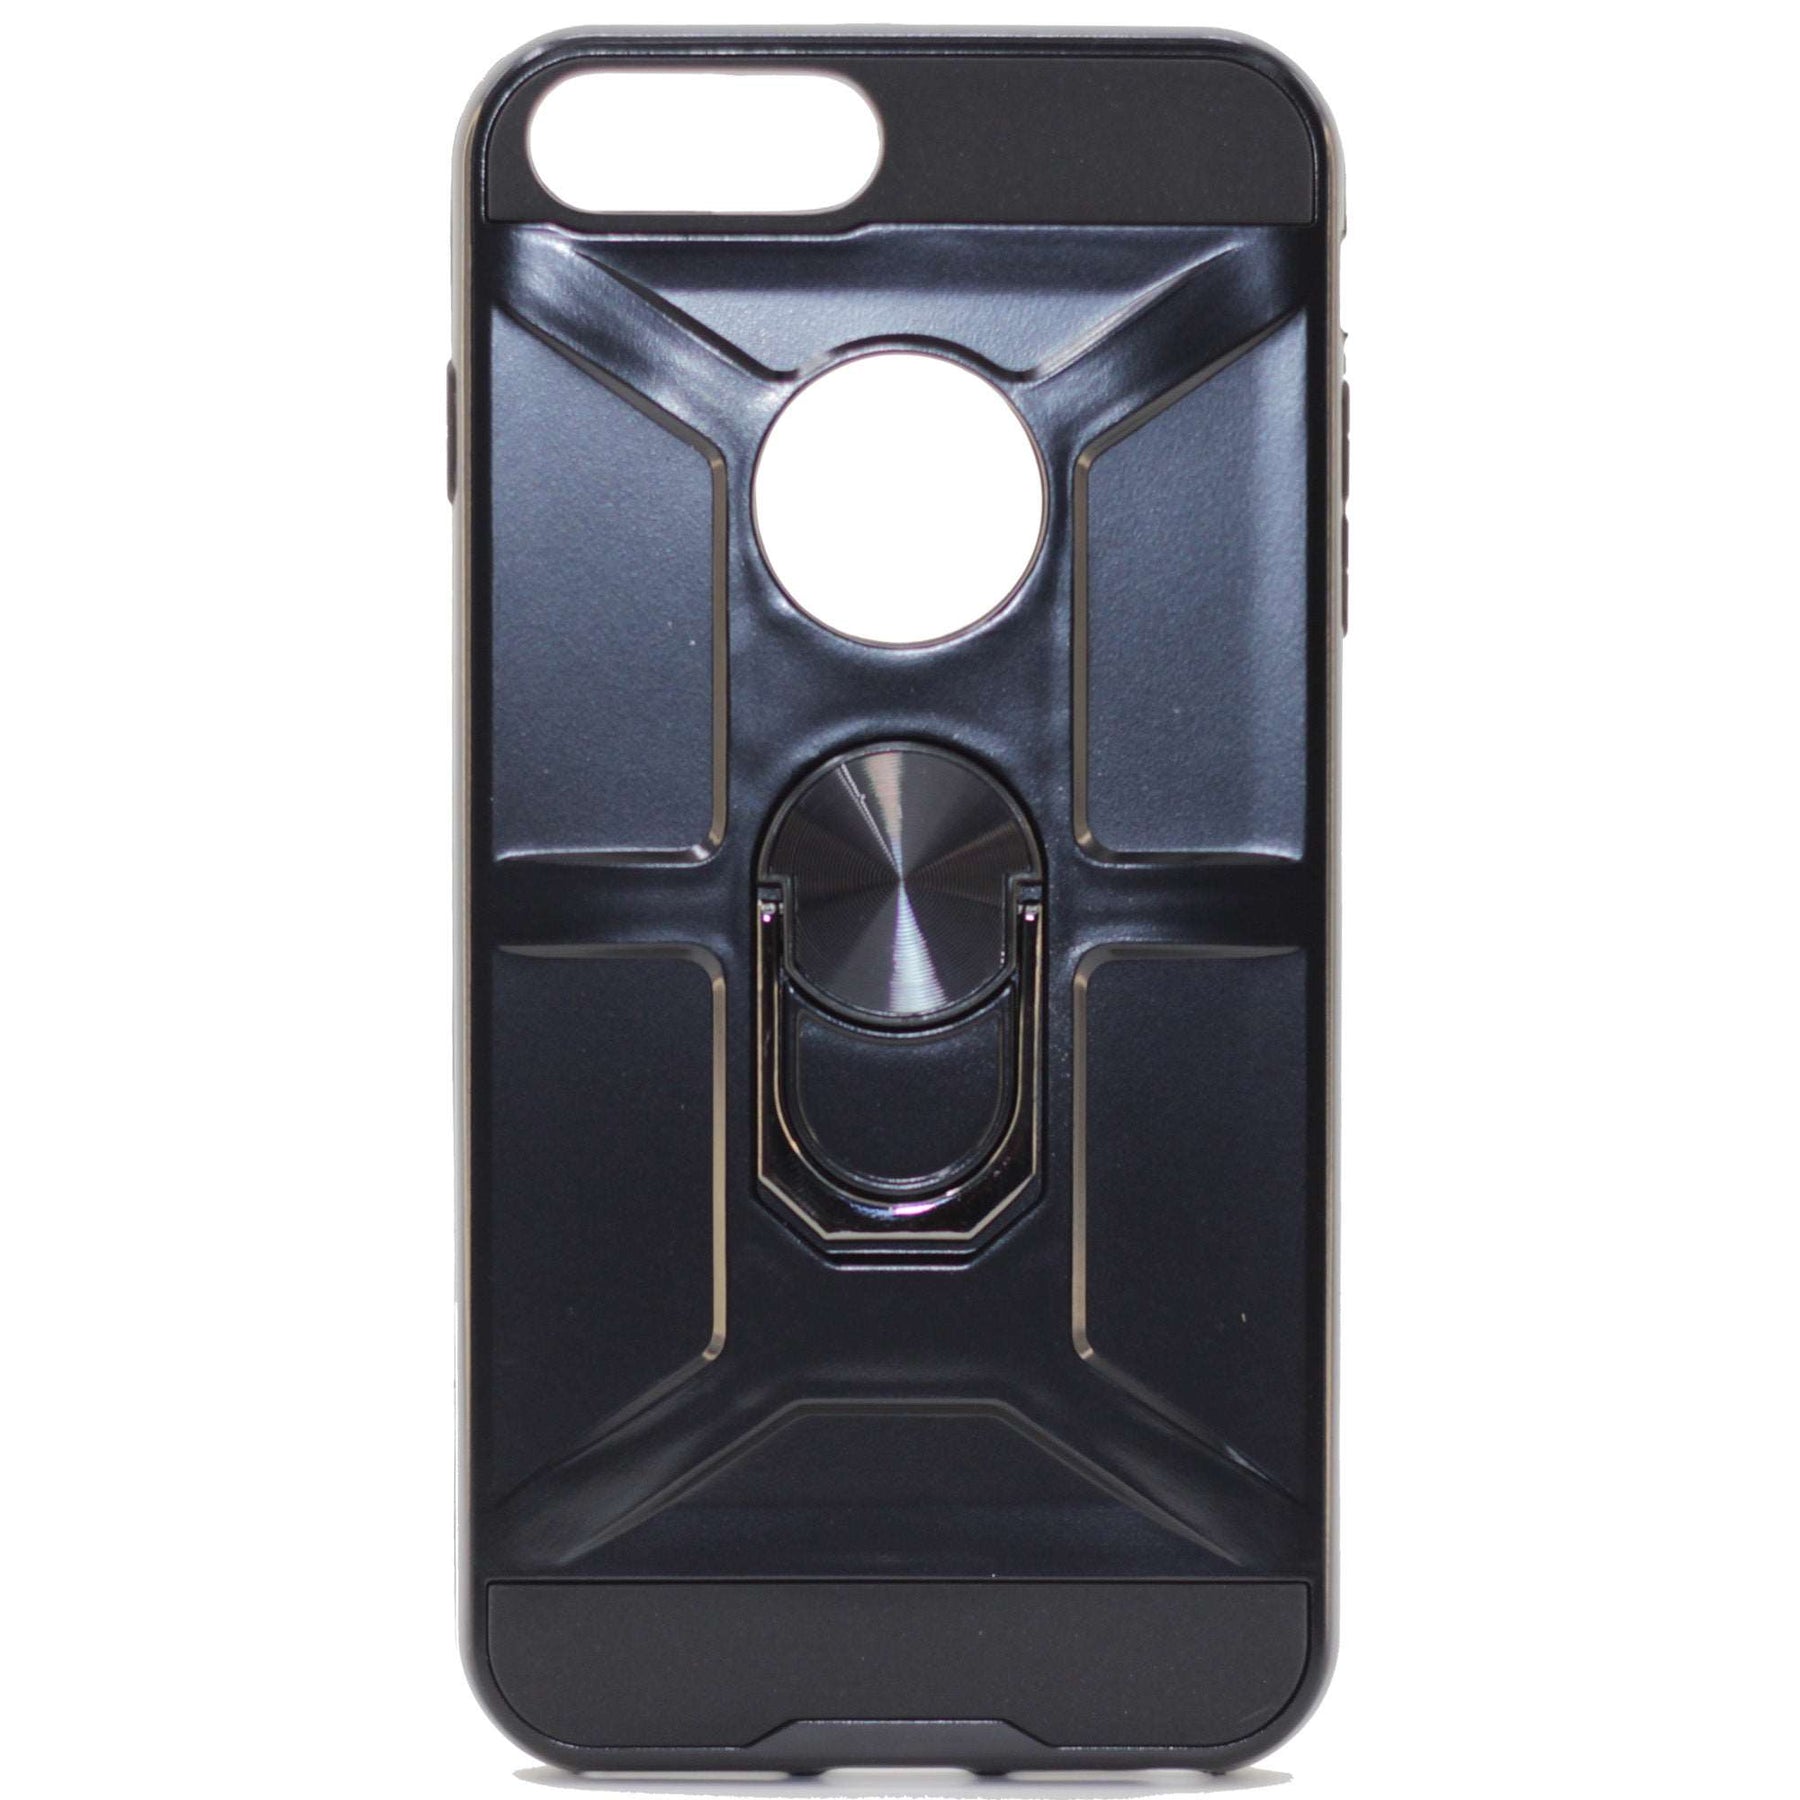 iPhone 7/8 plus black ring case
══════
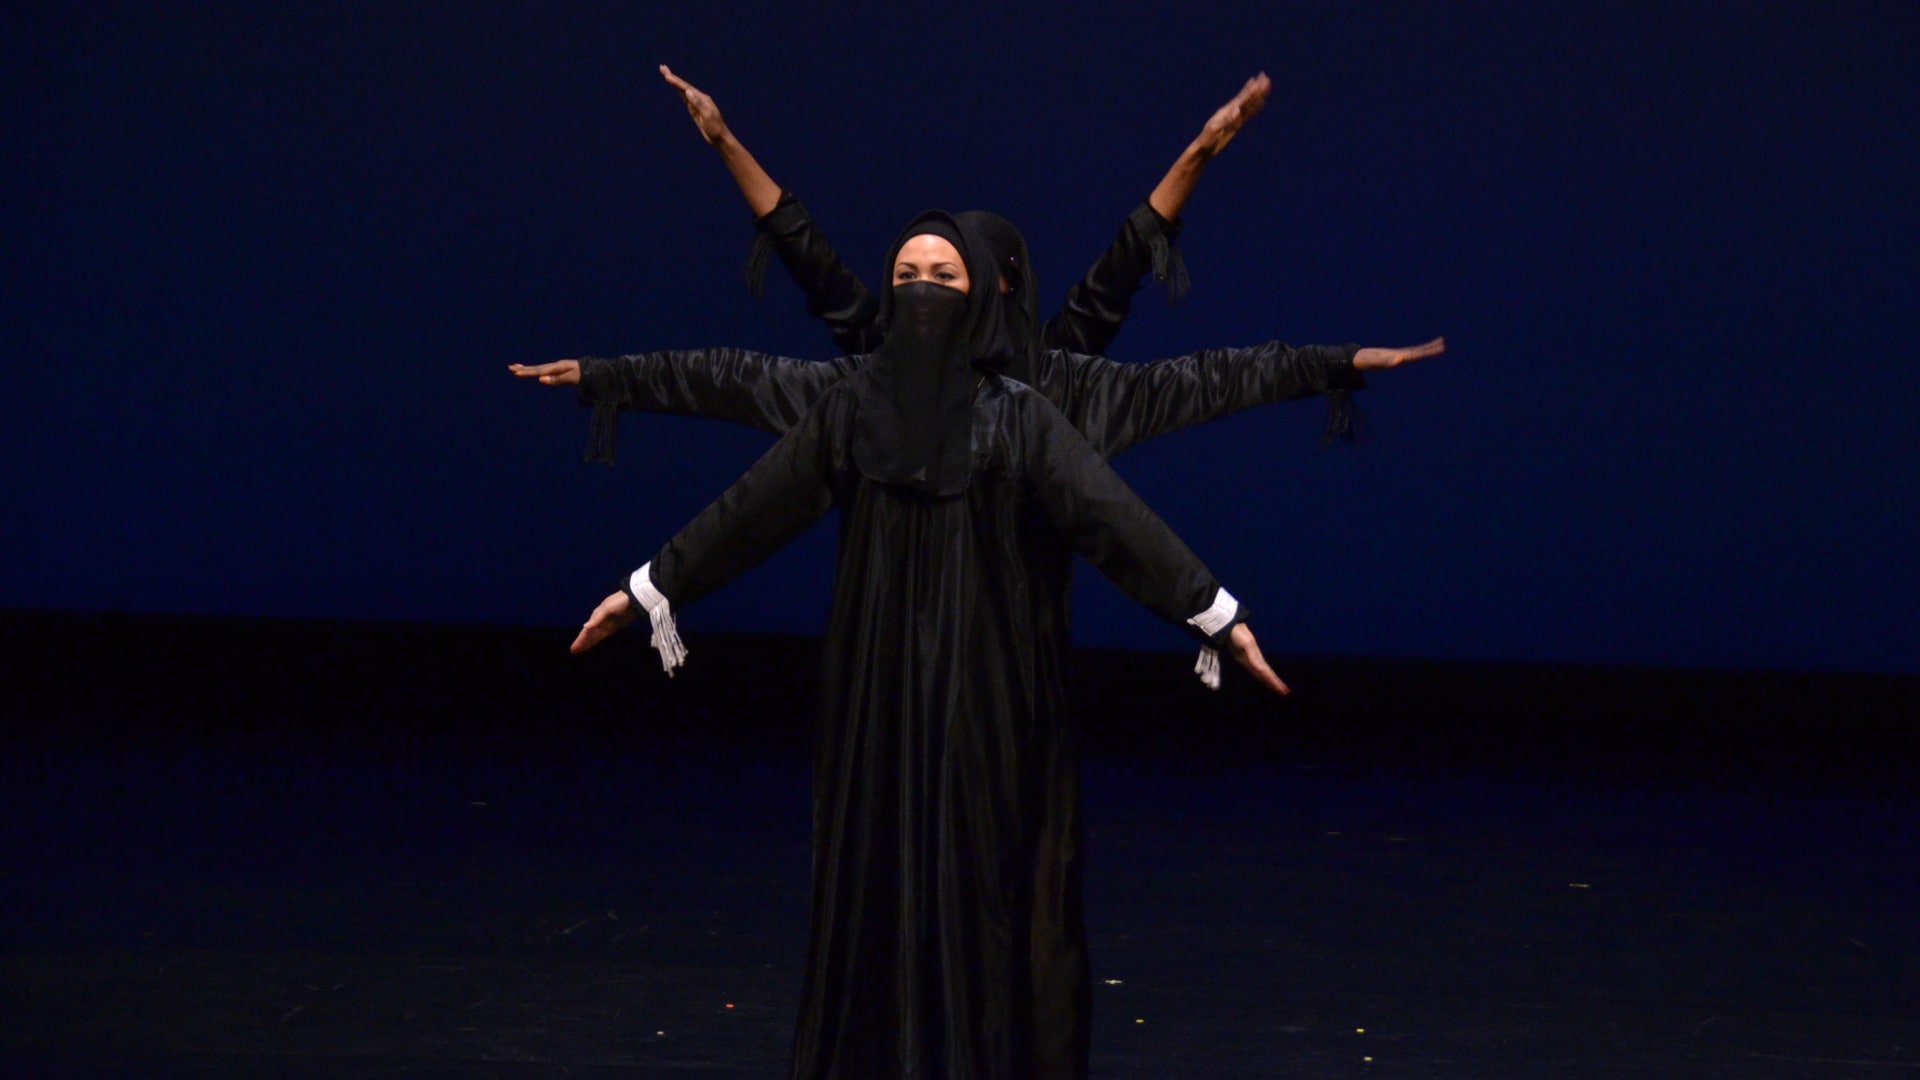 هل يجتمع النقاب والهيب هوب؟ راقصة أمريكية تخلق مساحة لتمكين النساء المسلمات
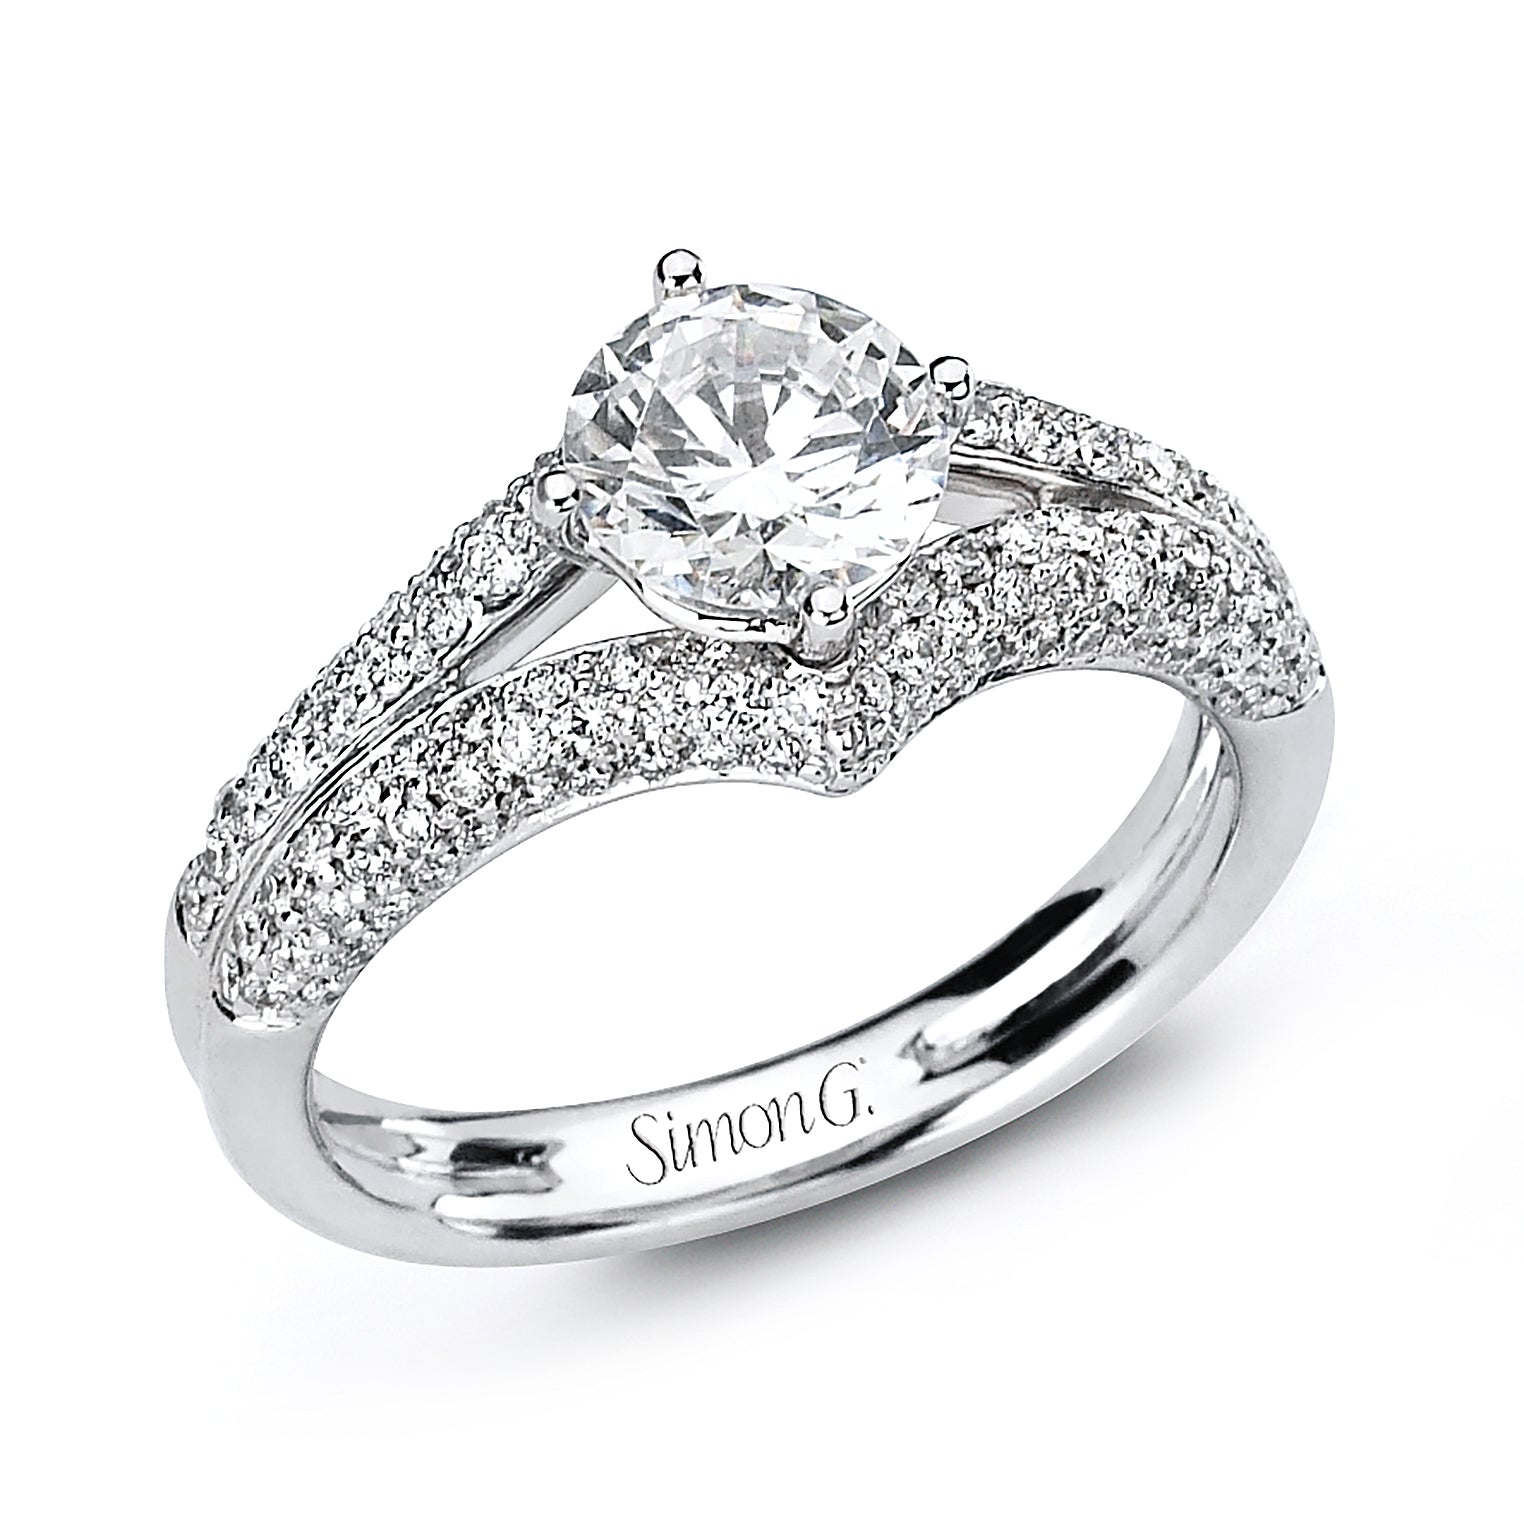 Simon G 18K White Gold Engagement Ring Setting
══════
* [Task details]: Would you copy, word for word, only the lines above from the one containing "هل يجتمع النقاب" through the one containing "Simon G 18K", both included, and please leave out the pictures?

* [Response to the exercise]:
 هل يجتمع النقاب والهيب هوب؟ راقصة أمريكية تخلق مساحة لتمكين النساء المسلمات
 Simon G 18K White Gold Engagement Ring Setting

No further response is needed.